At 23, the golfer has catapulted India on to the world stage with a fourth-place finish at the 2020 Tokyo Olympics. And she's only getting started

Kathakali Chanda
Published: Dec 21, 2021 02:52:50 PM IST
Updated: Jan 5, 2022 07:02:31 PM IST

I've been a journalist for over a decade, working across newspapers and magazines. At Forbes India, I write and edit stories on varied themes. I am a sports buff — turning to the back pages of the newspaper first— and keenly follow current affairs, pop culture and new trends at the intersection of politics, business and culture. Being an inveterate foodie, I often end up writing about it.

Aditi Ashok first woman golfer to qualify for two consecutive Olympics
Image: Donald Miralle / AFP

Aditi Ashok started playing golf with her parents on weekends when she was five-and-a-half years old. At six and two months, she played an 18-hole course, the standard that’s manoeuvered by pros. Not often do you expect six-year-olds to hang around for a game that spans four-plus hours. It didn’t take her parents much convincing, thus, when she wanted to play golf for a living.

Back then, few in India had heard of women golfers; even the exploits of men like Jeev Milkha Singh, Anirban Lahiri, Gaganjeet Bhullar and Jyoti Randhawa were followed by only a niche set of fans. But Aditi showed the passion and perseverance—including waking up at 5.30 am on weekends to practice before peak hour—to turn traditions on their heads despite the absence of a role model or a roadmap.

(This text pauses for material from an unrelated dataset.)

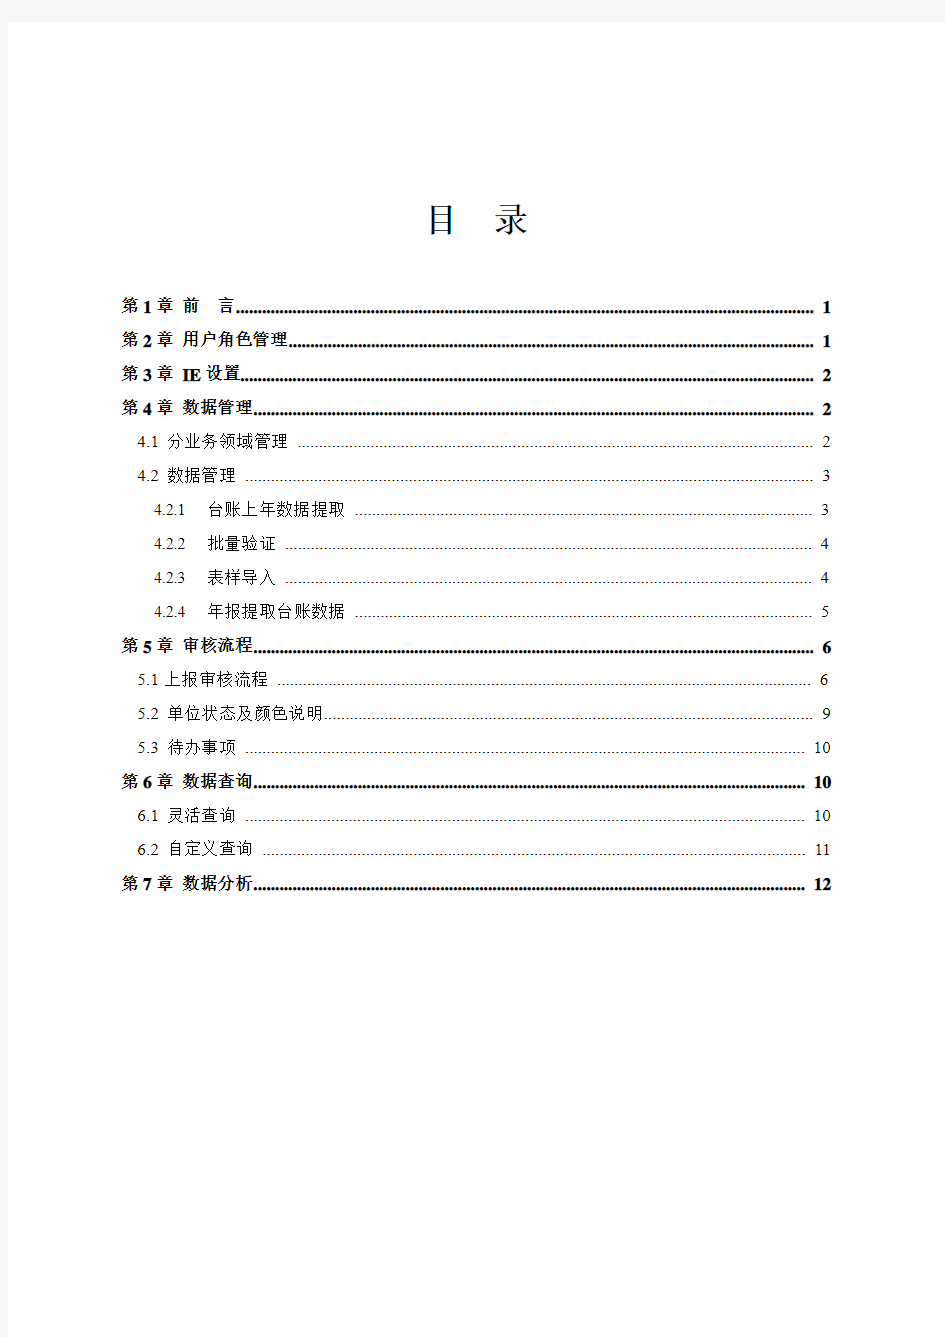 2011年中国残疾人事业统计管理系统(网络版)简明手册[1]

When she was seven, Aditi won her first junior tournament. “The win motivated me to keep practising, so that I could play more tournaments. I really enjoyed playing tournaments,” she says. Two years later, she visited the first ladies European tour event that was taking place in India—in 2007, at the Eagleton Golf Resort in Bidadi, Karnataka. “I was one of those kids walking around, collecting autographs, watching players,” says the Bengaluru resident. “It was also the first time I saw what professional women’s golf was like. That event made me want to do what the ladies were doing. From age 10, everything I was doing was to help me head in that direction.”

Fourteen years on, life has come full circle. Aditi (23) has crossed over to the other side where she can make an entire nation wake up at 5 am to watch her play. She began the Tokyo Olympics in August as World No 200—no one gave her much of a chance to make a mark, except for a footnote in Indian sports history as the first woman golfer to qualify for two consecutive Olympics. By the time she was done, she finished fourth, within sniffing distance of the bronze medal, going neck-and-neck with top golfers for most of the tournament. An average Indian might still not be able to tell a birdie from a bogey, but post-Tokyo, everyone knows who Aditi Ashok is.

“The way she played at the Olympics was outstanding,” says Jeev Milkha Singh, a four-time European tour champion and the first Indian golfer to break into the top 100. “She had just recovered from Covid, was weak and was driving the ball 30 to 40 yards shorter than the other girls. Yet she came so close to winning a medal.”

Despite the relative obscurity of golf, especially the women’s game, in India, Aditi set her sights high right from the beginning. “I wasn’t focussed on playing in India. I always had the motivation to reach the LPGA [the American tour],” says Aditi, who turned pro in 2016, also the year she won the European tour’s Rookie of the Year award. “To prepare for that, I was keen on playing more tournaments, where Indians usually wouldn’t compete.”  

When she was 14, Aditi heard that golf would be included in the 2016 Olympics. It gave her the impetus to compete in professional tournaments even as an amateur and gather the experience and expertise to represent India in the prestigious event. At 18, she became the first Indian woman golfer to head to the Rio Olympics, months after she completed her Class 12 board exams. While she finished 41st in the tournament, Aditi, the youngest golfer on the field, returned with a bagful of takeaways. “I couldn’t deal with a different playing condition and the situation of being in the Olympics. I did well in the first two days, but then began to slip. I realised I had to improve as a golfer,” she says. 

The next year, she qualified for the LPGA, and has been playing there every year since. Pitted against the world’s best golfers, the highly competitive LPGA circuit helped her identify her weaknesses and act on them. “That was the big difference in Tokyo. In the LPGA, I spent several seasons playing against the top 100 golfers every week,” says Aditi. “It conditioned my game and made me a much better player from Rio.”


“I know finishing fourth isn’t great when they give out three medals,” she adds. “But it was still good to be part of a world-class field and hold my own.”

With her spectacular performance, Aditi has given women’s golf a visibility like never before. Says Singh, “She’s given hope to not just the women, but every golfer to go out there and become champions. Her performance in the Olympics has opened up a lot of doors and dreams for Indian golfers.”